Por sua vez, em relação à segunda proposição, que resultou da confirmação da primeira hipótese alternativa de trabalho, pode-se inferir que pode ter concorrido para a constatação de que é a esquerda que mais formaliza o OP:

A) Primeiramente, pode-se sugerir que a esquerda que mais formaliza o OP em decorrência de ainda existir, de forma saliente, uma convergência dessa prática institucionalizada com governos de partidos de esquerda, conforme já observado por Santos (2003), Wampler e Avritzer (2004), Fung e Wright (2001), dentre outros. Sendo assim o OP poderia ser ainda considerado um “processo de democracia direta, voluntária e universal, onde a população pode discutir e decidir sobre o orçamento público […]” (Souza, 2001:275). Com isso, um maior índice de formalização do OP [como entendida neste estudo] seria um indicador de que é a esquerda que mais propicia que os participantes do OP realmente decidam sobre despesas a serem incluidas no orçamento público. Assim, o OP se manteria como um instrumento usado pela esquerda, principalmente, com a proposta de dar ao cidadão poder de decisão para definir que obra ou/e serviço deve compor o orçamento público. Desse modo, o OP continuaria sendo, para a esquerda, uma prática administrativa que enfatiza a democracia direta, inserida em governos democráticos representativos.
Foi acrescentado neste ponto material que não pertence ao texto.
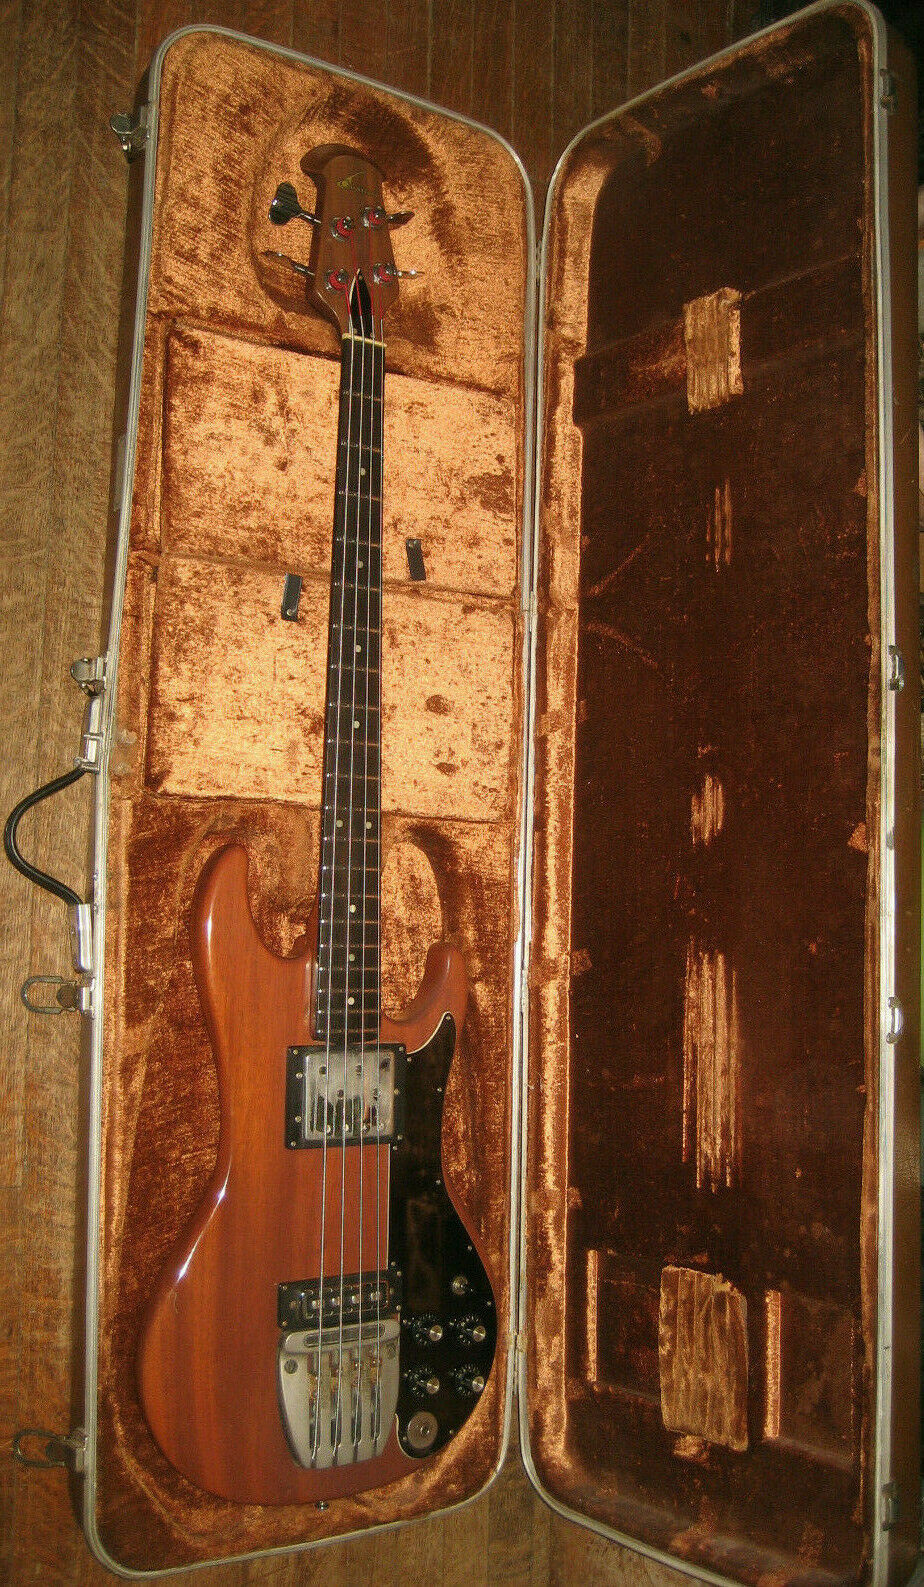 Ovation Magnum Iii (3) Pro Serviced Bass Guitar, Original Case, Shop Receipt

B) Outra conjectura que pode ser feita sobre o resultado de que é a esquerda que mais formaliza o OP diz respeito à possibilidade de existir uma influência histórica do OP de Porto Alegre sobre outros OPs criados por governos de esquerda em outros municípios brasileiros. Essa possibilidade existiria por ser o OP de Porto Alegre uma referência [no Brasil e no mundo] de sucesso de democracia participativa com poder de decisão, promovida por partidos de esquerda para possibilitar que cidadãos decidam sobre despesas a serem inseridas no orçamento público. Desse modo, o sucesso nacional e internacional alcançado pelo OP de Porto Alegre talvez tenha inspirado outros governos de esquerda a definirem seus OPs nos moldes daquele de sucesso. Sendo assim, seria possível que em municípios com membros de partidos de esquerda à frente do Executivo, seguindo o modelo de Porto Alegre, tenham mantido a ênfase de seus OPs na ampliação da participação direta dos cidadãos comuns em decisões sobre despesas públicas, circunstância em que a formalização do OP na LOA seria uma evidência dessa influência, por exemplo.